Dataset records:

#####

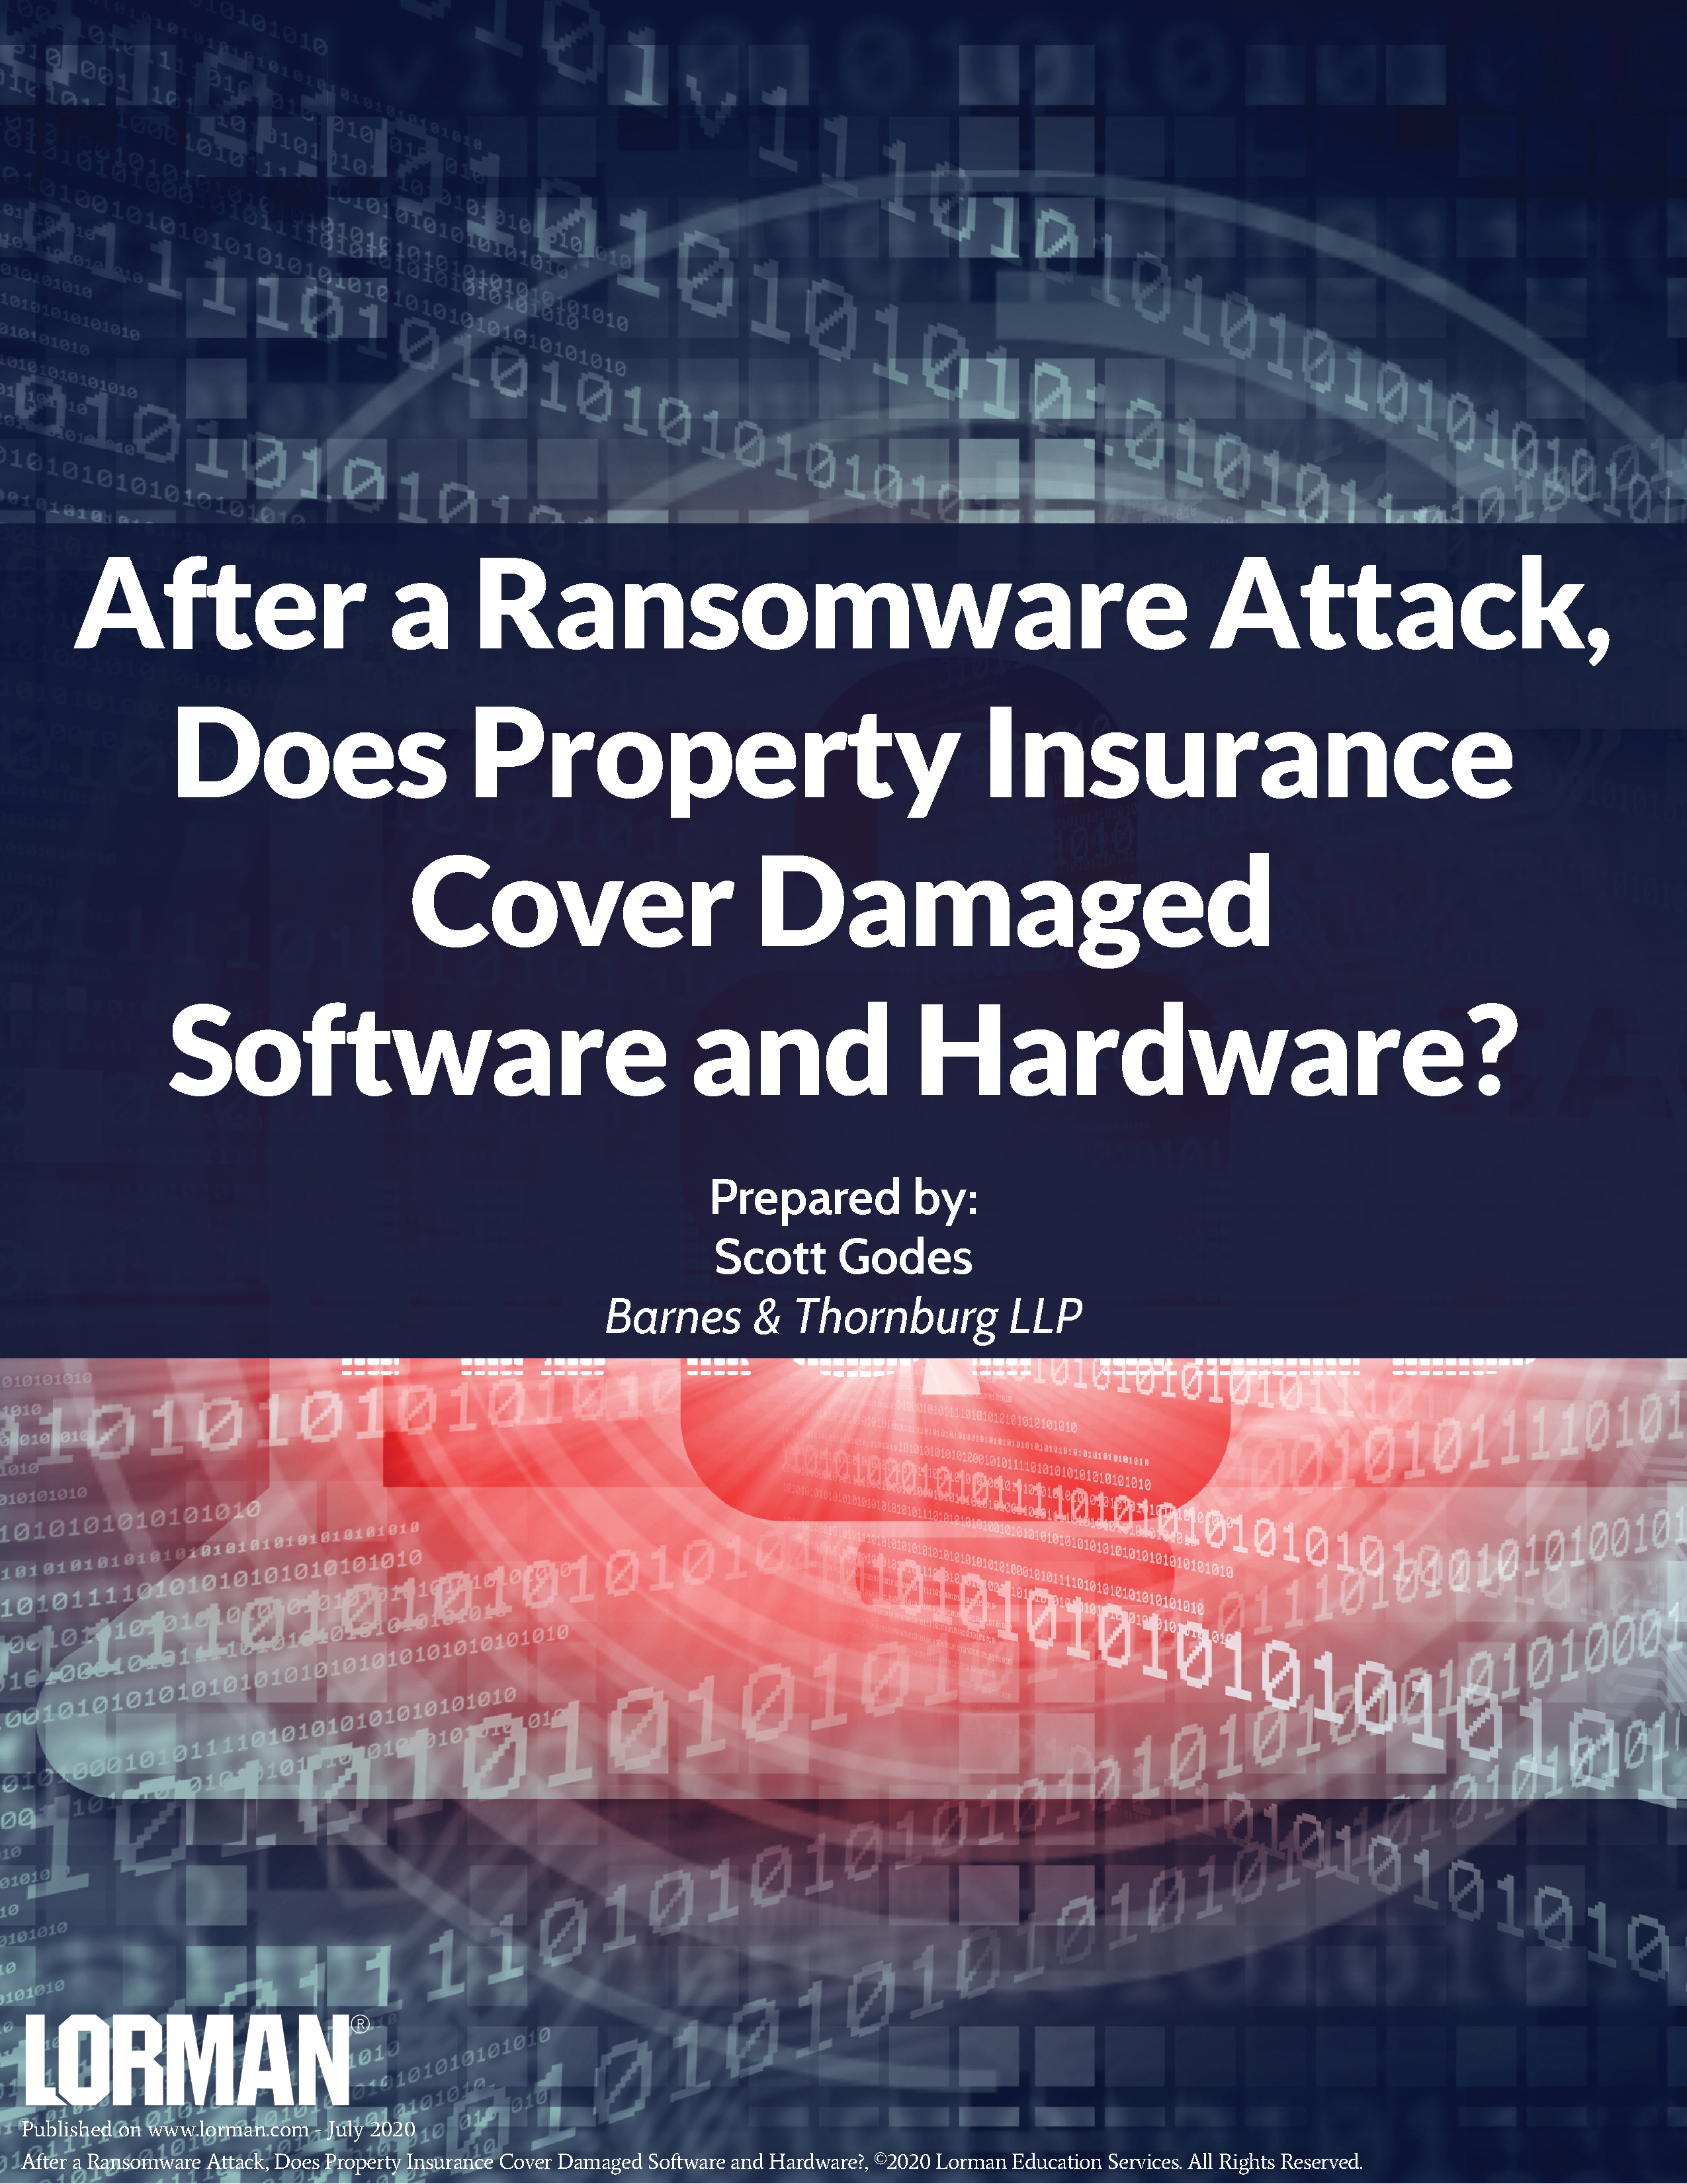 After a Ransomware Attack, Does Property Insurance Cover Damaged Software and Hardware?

#####

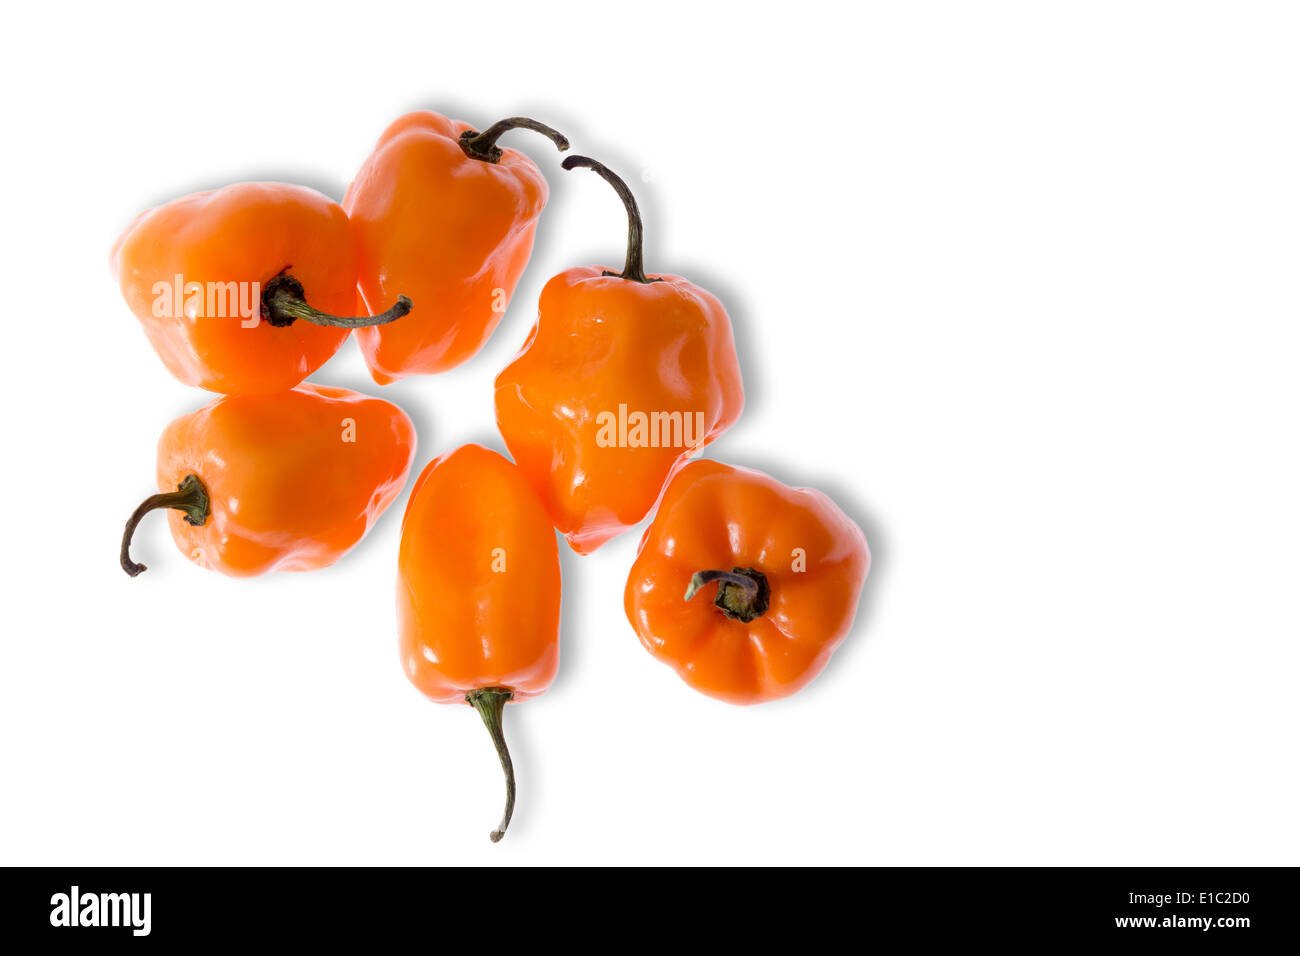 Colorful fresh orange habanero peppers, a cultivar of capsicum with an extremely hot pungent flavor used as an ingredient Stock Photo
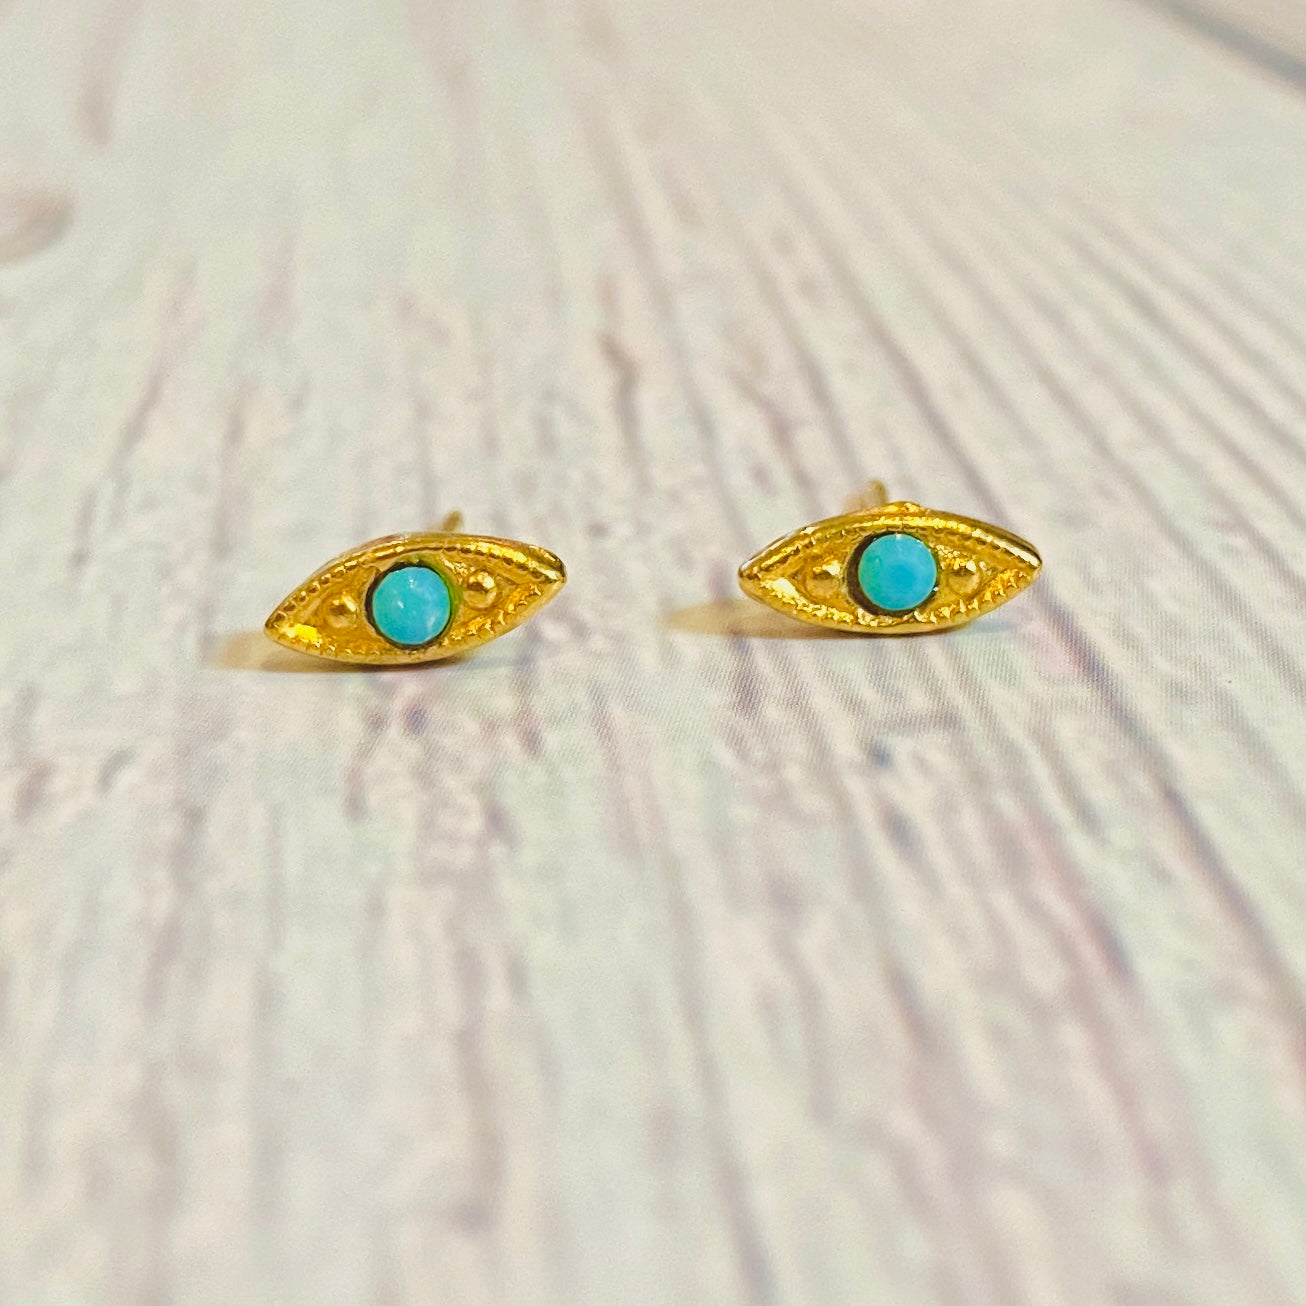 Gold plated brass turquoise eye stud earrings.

#####

Work instruction: Starting at the line with "Colorful fresh orange" and finishing at the line with "Gold plated brass", copy the material above exactly, both lines included. Nothing else goes in, and no pictures.

Answer to the problem:
 Colorful fresh orange habanero peppers, a cultivar of capsicum with an extremely hot pungent flavor used as an ingredient Stock Photo
 Gold plated brass turquoise eye stud earrings.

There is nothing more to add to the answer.